↓↓↓

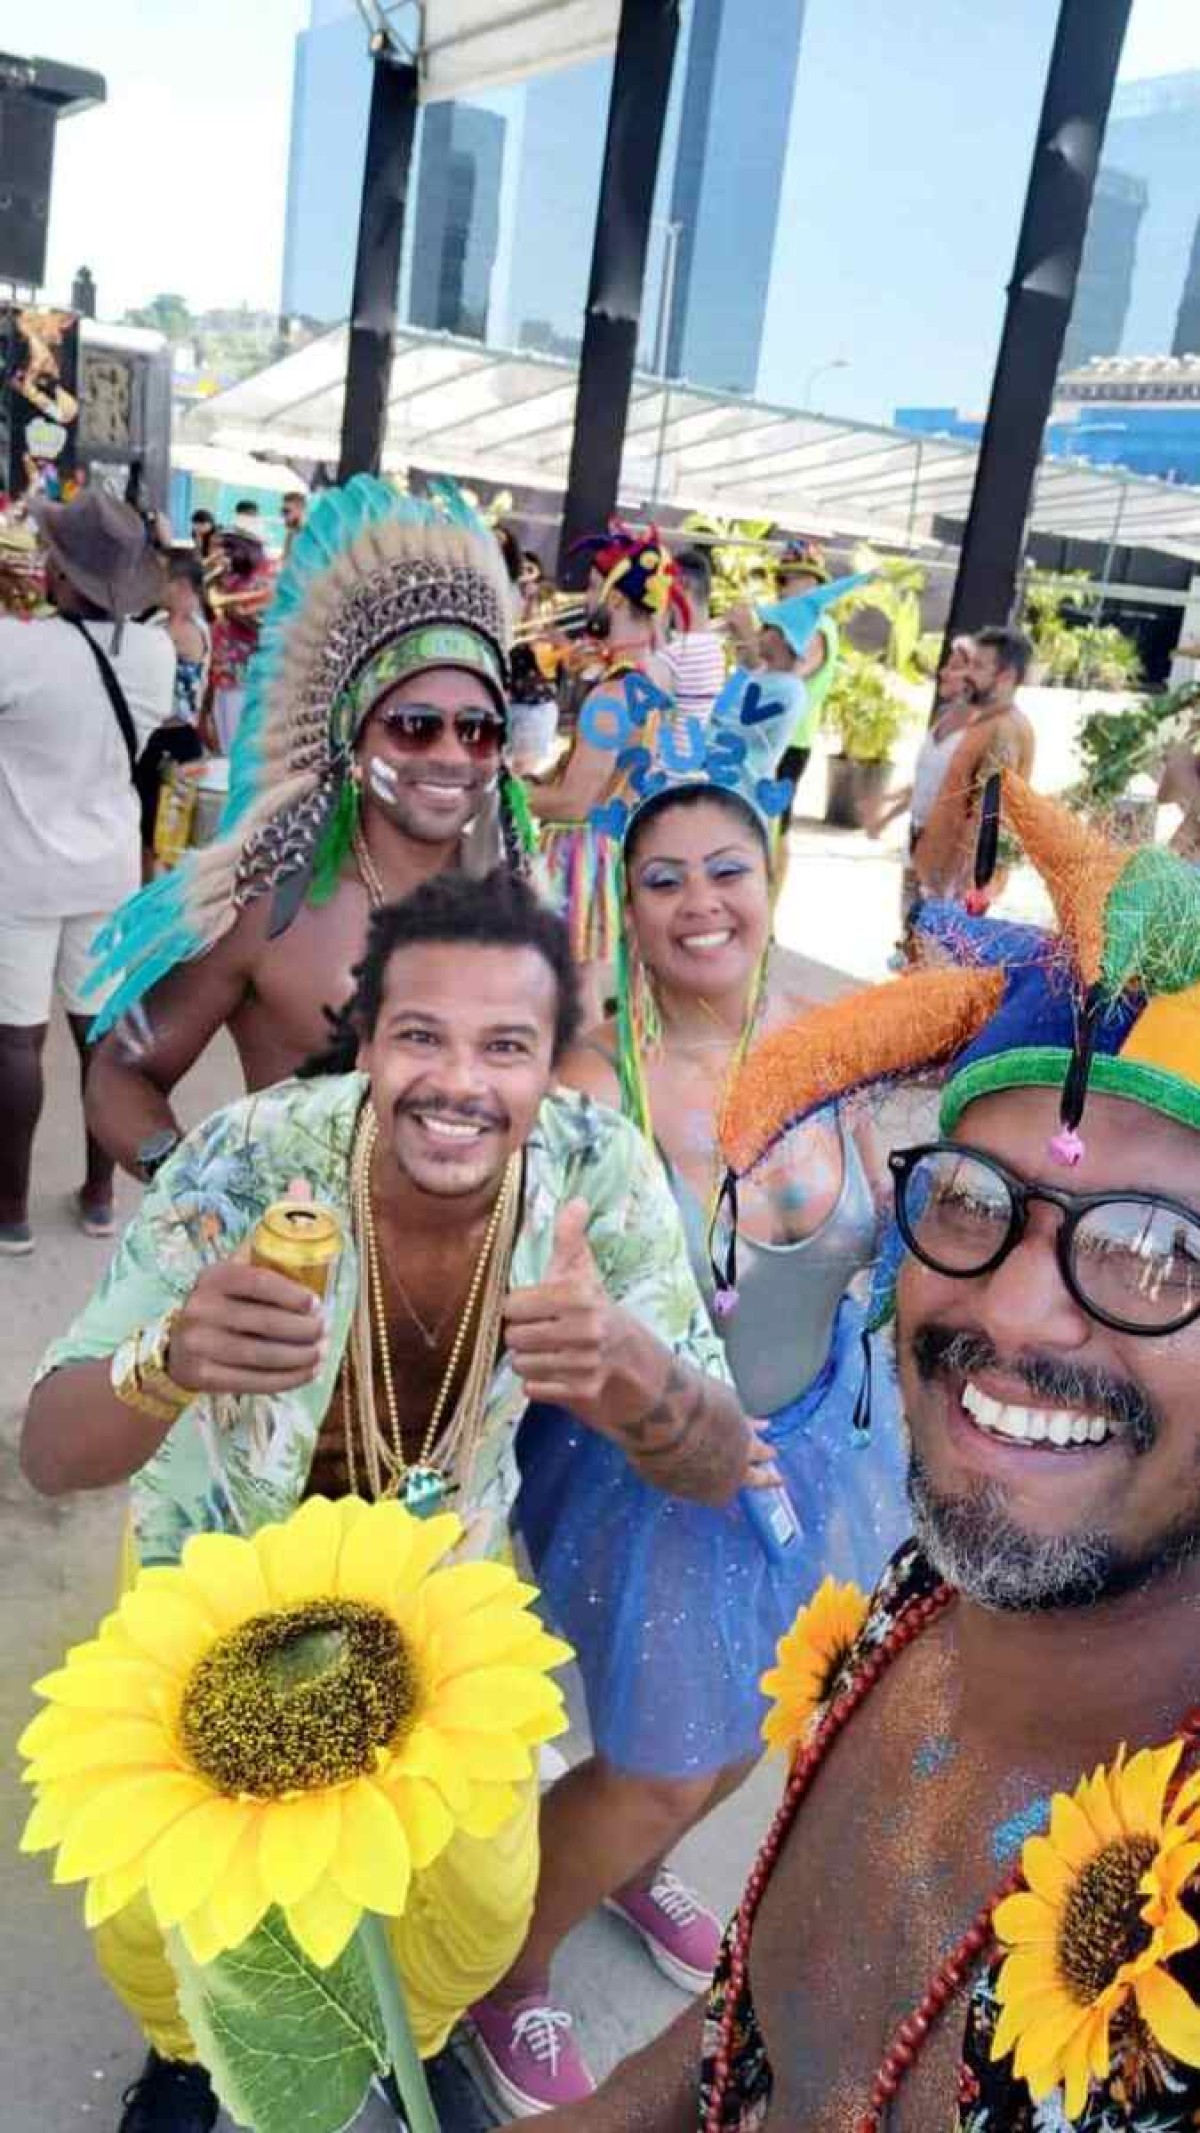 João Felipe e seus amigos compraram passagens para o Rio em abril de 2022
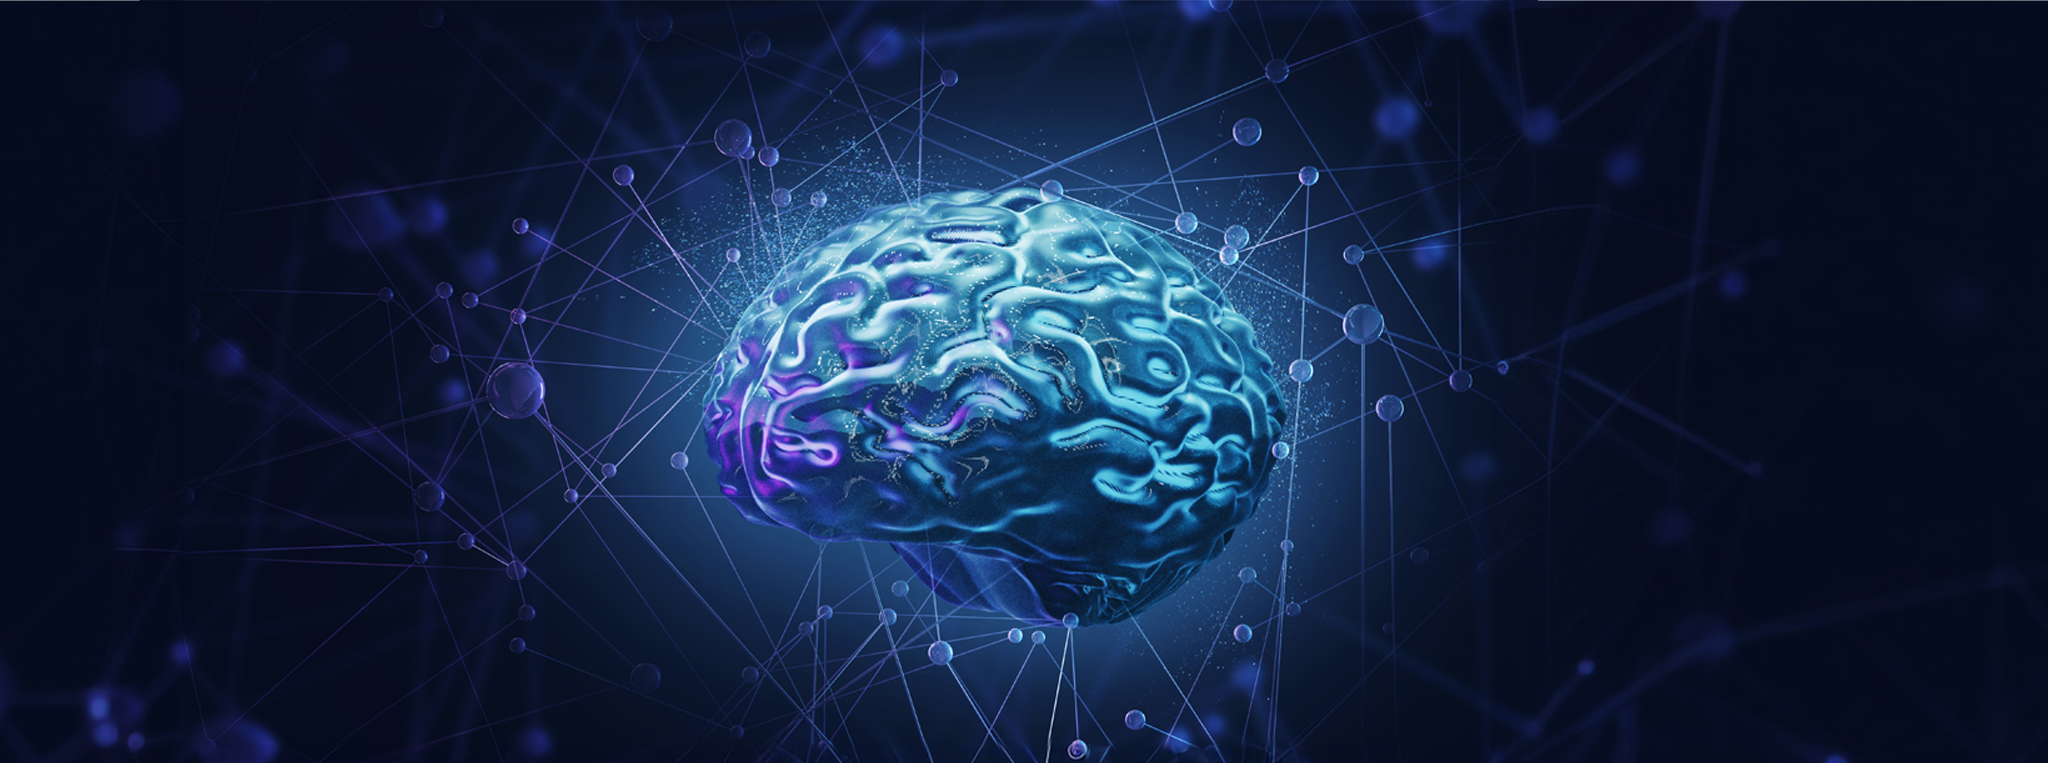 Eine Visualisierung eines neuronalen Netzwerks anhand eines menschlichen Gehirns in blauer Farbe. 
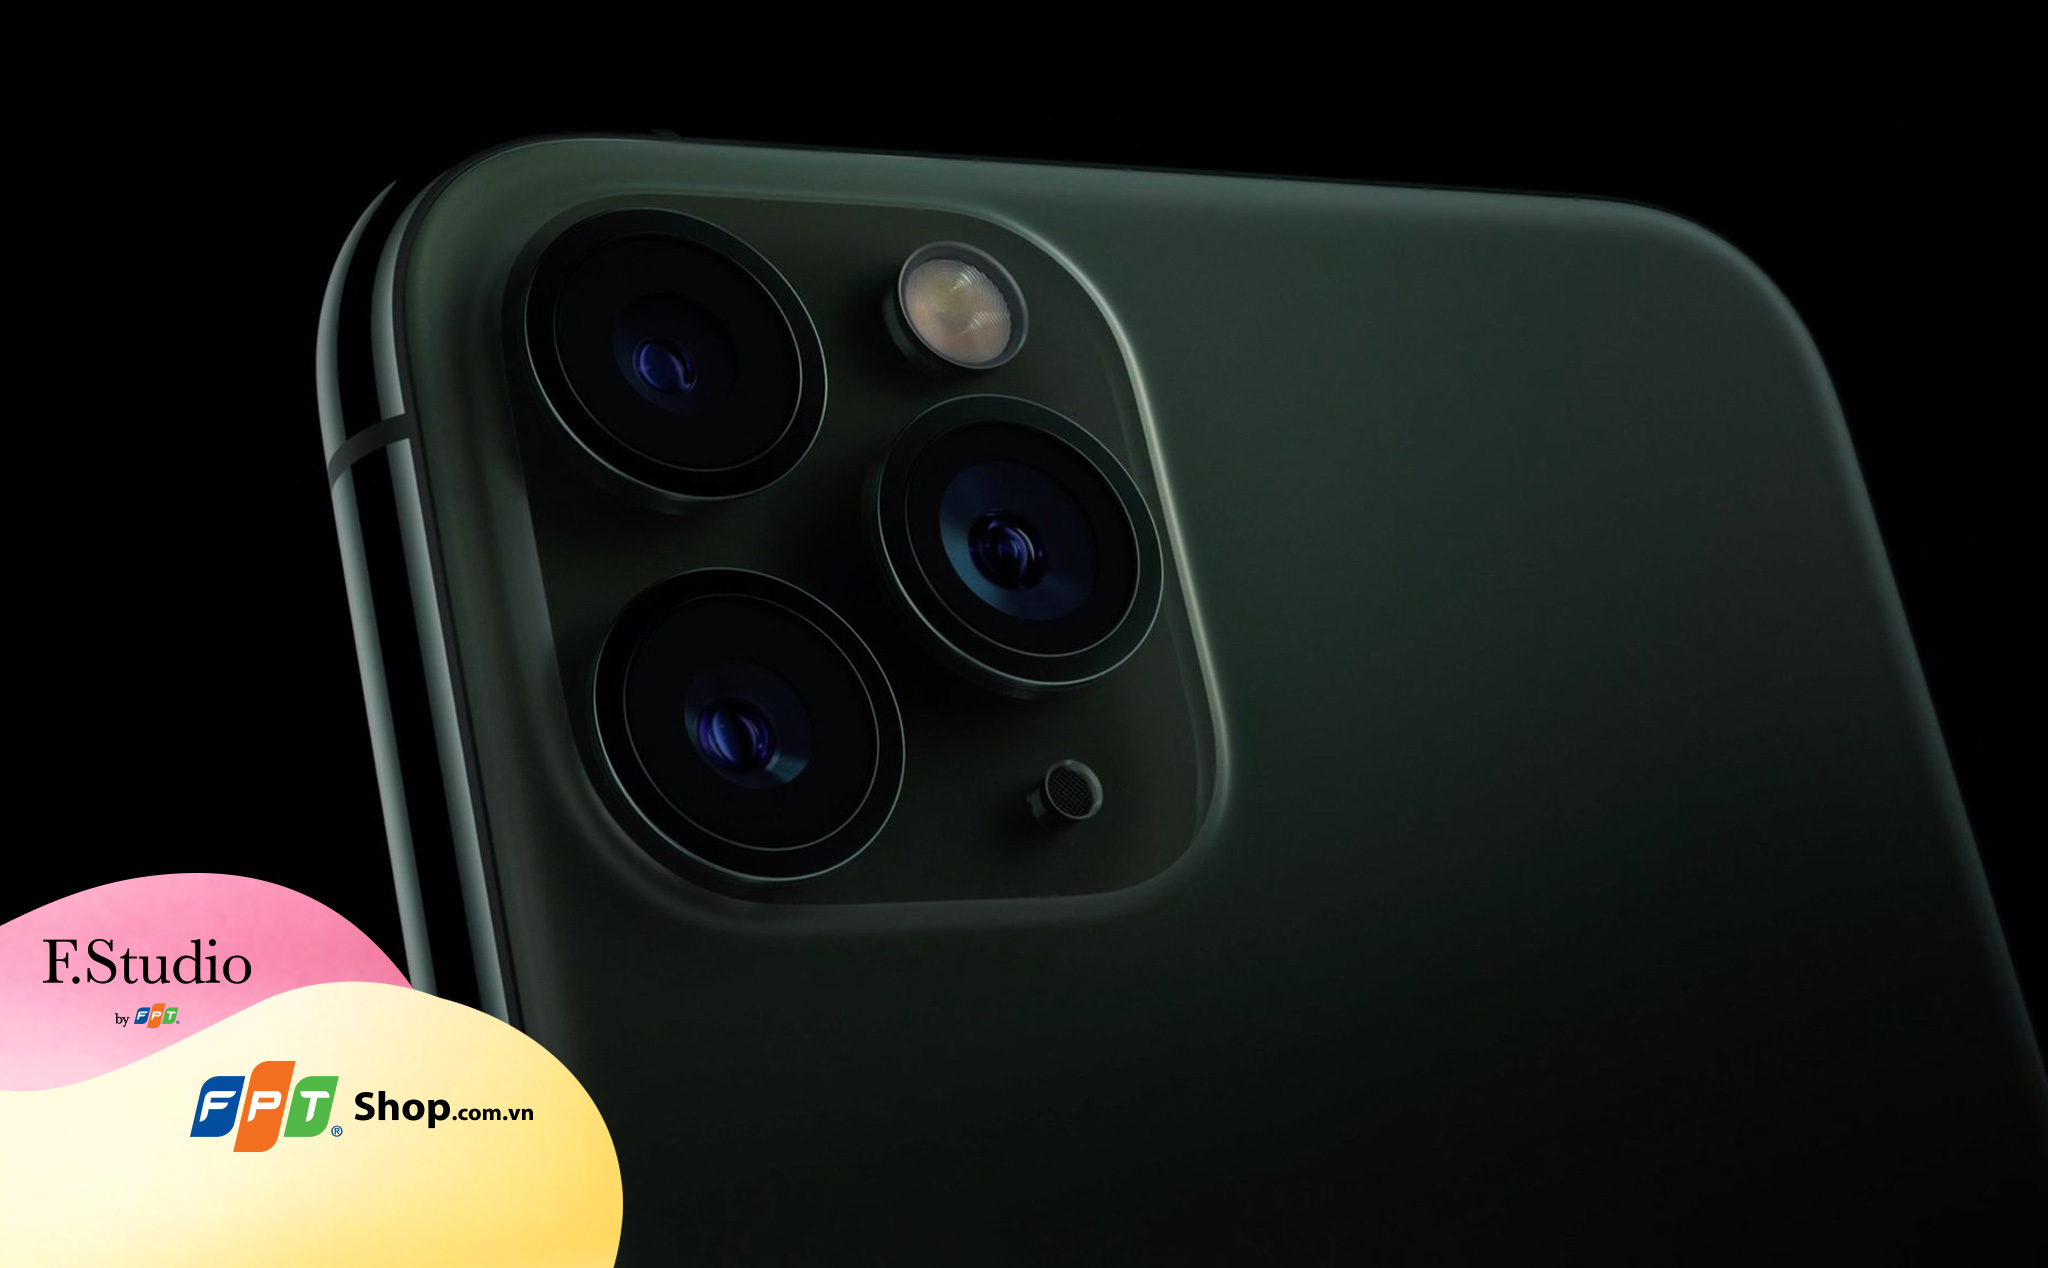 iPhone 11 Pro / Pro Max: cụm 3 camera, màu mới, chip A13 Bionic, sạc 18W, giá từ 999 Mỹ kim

↑↑↑

§ **ABOUT THIS EXERCISE**: Please restate the material word for word; the pictures stay out.

§ **OUTPUT OF THE EXERCISE**:
 João Felipe e seus amigos compraram passagens para o Rio em abril de 2022
 Eine Visualisierung eines neuronalen Netzwerks anhand eines menschlichen Gehirns in blauer Farbe. 
 iPhone 11 Pro / Pro Max: cụm 3 camera, màu mới, chip A13 Bionic, sạc 18W, giá từ 999 Mỹ kim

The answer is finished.